WTO rules that EU Tariffs on certain high-tech goods are not allowed under GATT 1994

08 September 2010

The WTO Dispute Settlement Body recently ruled that EU Tariffs on certain High-Tech goods were in violation of the EC’s obligations under the Information Technology Agreement (ITA). The United States, Japan and Chinese Taipei claimed that the EC had signed up to allow certain information technology products duty-free access into the EU and that the imposition of import Tariff’s was subsequently prohibited by the ITA.

The Arguments

The US, Japan and Taipei all argued that a number of EC customs classification legal instruments and Regulations were inconsistent with the EC’s obligations under the GATT 1994 agreement. They argued that the ITA should account for technological changes and cover goods and technological advancements that were made in the years subsequent to the agreement. The complaint centred round three products in particular:

• Flat-panel screens
• Set-top boxes
• Multi-Function Printers

They argued that the products all fell within the scope of the ITA even though technologically they were more advanced than the ITA envisaged.
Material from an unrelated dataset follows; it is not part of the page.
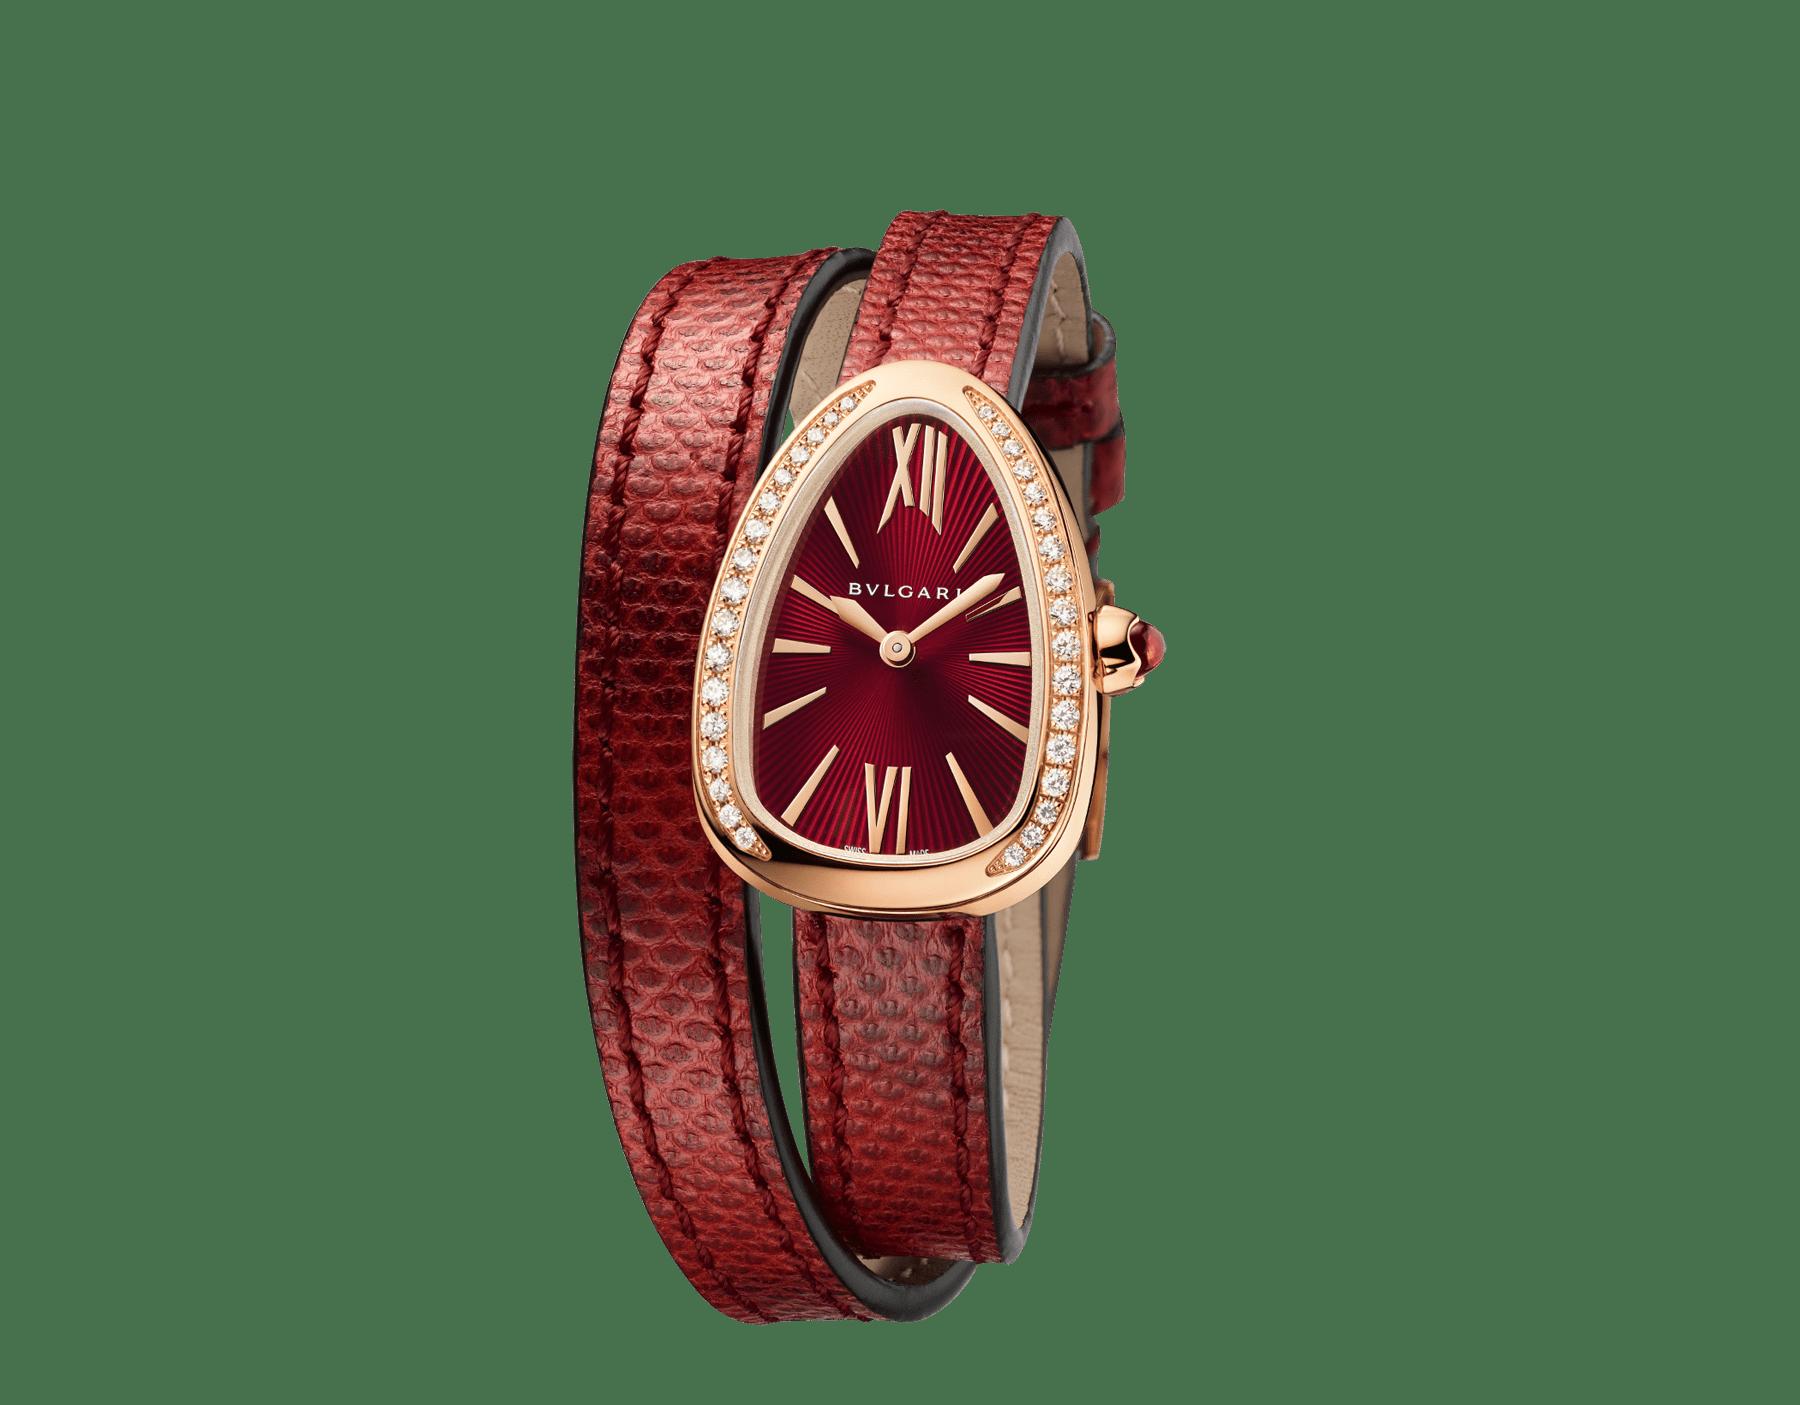 Montre Serpenti avec boîtier en or rose 18K serti de diamants taille brillant, cadran laqué rouge et bracelet double spirale interchangeable en cuir de karung rouge. 102730 image 2

The EU tried to argue that the products concerned were outside of the scope of the ITA and thus “consumer goods” rather than “technology products”. One of the arguments made for example, was that flat-panel computer screens could also be used to watch videos and were thus more akin to television sets than IT products. After considering both arguments, the WTO finally reached the decision that the EU was in breach of its obligations under the ITA agreement by levying import tariffs against the products in question.
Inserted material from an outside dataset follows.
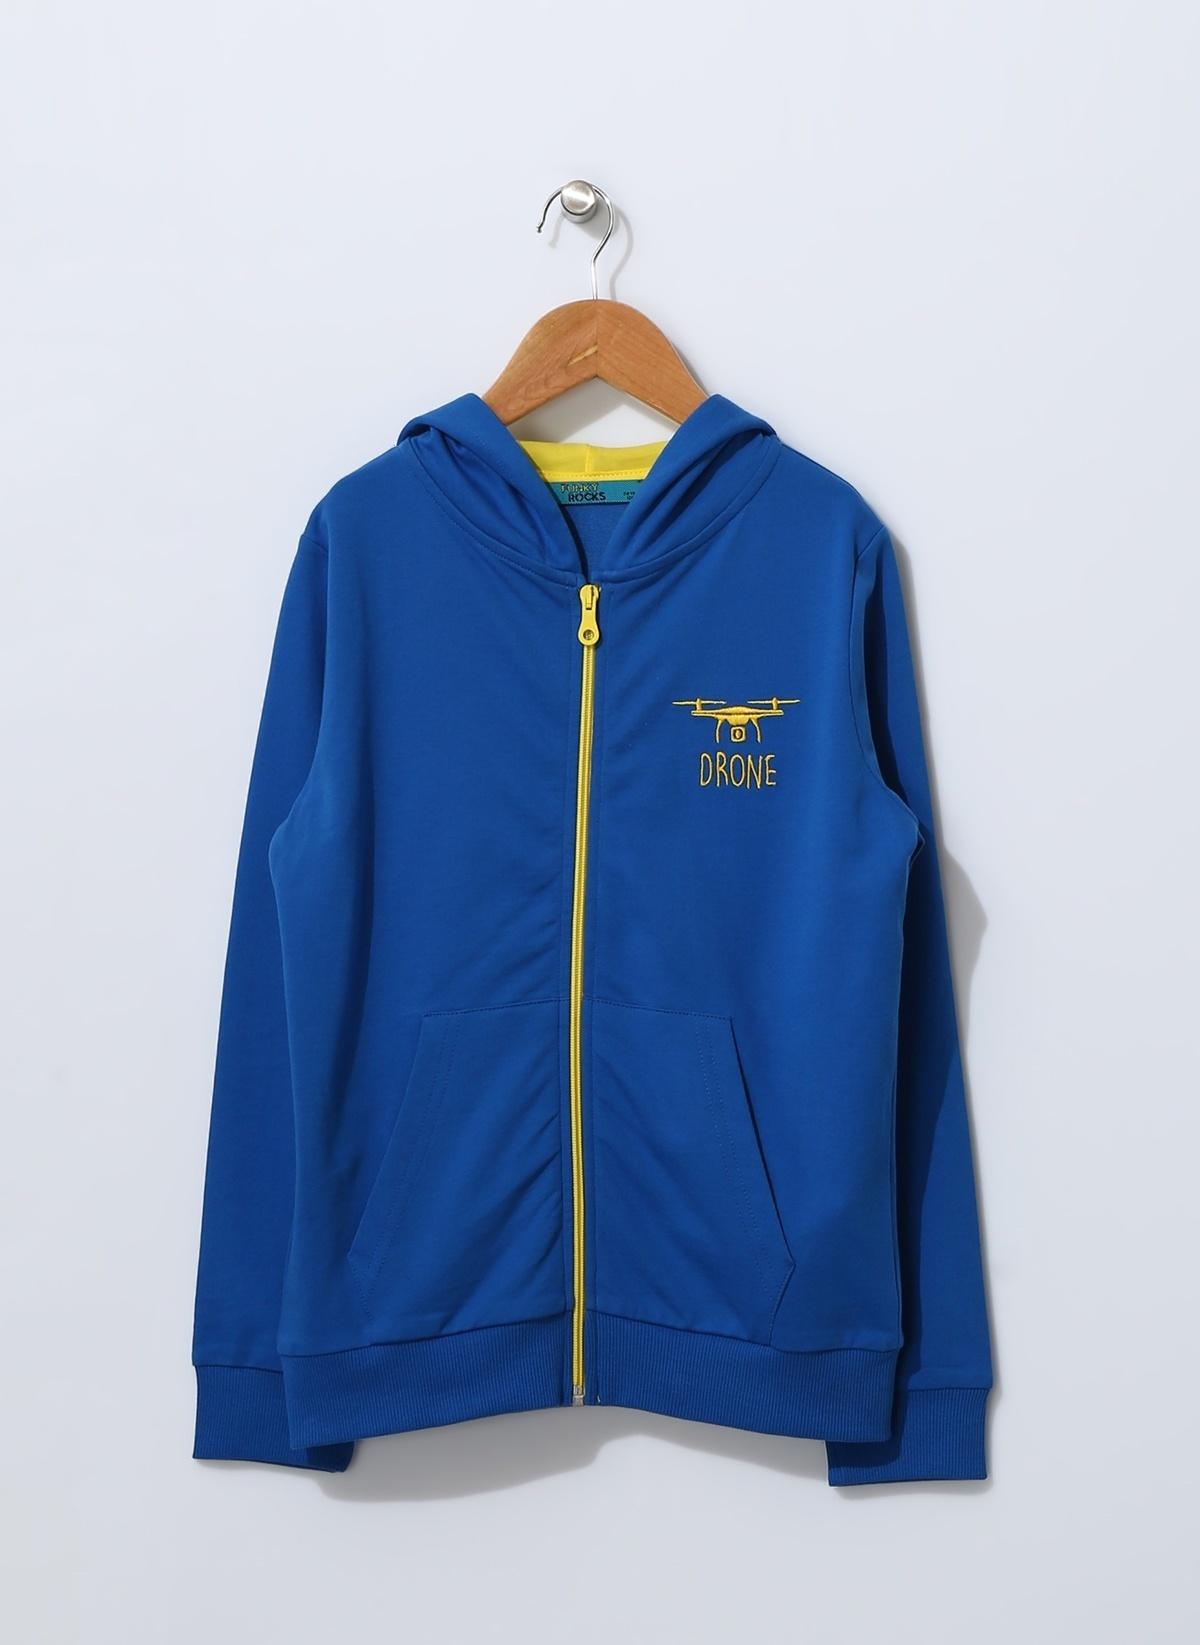 Funky Rocks Sweatshirt 18-basfr-35 Sweatmont – 49.99 TL

What will this actually mean?

In the short-term this ruling is unlikely to change a great deal. The EU has a 60-day window to make an appeal against the ruling. By all accounts, Brussels is extremely unhappy that this matter went to the litigation stage rather than being resolved through negotiation so it remains to be seen whether the EU will launch an appeal as a ‘delaying tactic’ or will even go so far as to attempt to renegotiate the original ITA agreement on the grounds that the original agreement has become dated and unable to function adequately. Should it attempt to do this, the EU is likely to face considerable opposition so until the EU issues its official response to the ruling, traders and practitioners alike will have to be patient.